新作が出る度に手に取ってしまう作家がいる。窪美澄だ。数年前、書店でふとタイトルに惹かれて購入したのがデビュー作『ふがいない僕は空を見た』だった。

美しい装丁とは裏腹にかなり衝撃的なセックスシーンから始まる。常々、奥に隠れた性欲は男性よりも女性の方が勝っていると思うのだが、それを証明するかのような大胆な描写に驚かされた。

しかし、単なるポルノ小説で終わらないのは、妊娠・出産という女性の生理を性行為と同等に扱い、生命の尊さを真摯に描いているからだ。そこに生身の人間存在が浮き彫りになり見事に純文学へと昇華される。

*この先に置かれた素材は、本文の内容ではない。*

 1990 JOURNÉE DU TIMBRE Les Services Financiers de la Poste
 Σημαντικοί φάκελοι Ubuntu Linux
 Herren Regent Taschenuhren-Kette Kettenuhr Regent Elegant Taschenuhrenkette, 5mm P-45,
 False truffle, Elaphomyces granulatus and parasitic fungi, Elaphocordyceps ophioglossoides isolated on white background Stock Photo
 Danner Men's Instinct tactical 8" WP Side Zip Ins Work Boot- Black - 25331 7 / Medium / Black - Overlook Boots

窪は私より2歳年上だが、彼女の作品には同時代を生きる者の共感が随所に散りばめられ、オーガニックや玄米、美大志望の学生など私自身の体験と重なるキーワードが頻繁に登場し、まるで人生を見透かされている様な不思議な気になる。出会えて本当に良かったと思う大好きな作家の一人だ。

 

 

⭐️ デビュー作を読んだ時の衝撃は今でも忘れられない。生と性がここまでリアルに語られ描かれた新人小説など果たして今までにあっただろうか?誰がこの作品の衝撃的なラストを想像できただろう?私はこの作品で彼女の洗礼を受け、窪教の信者となった。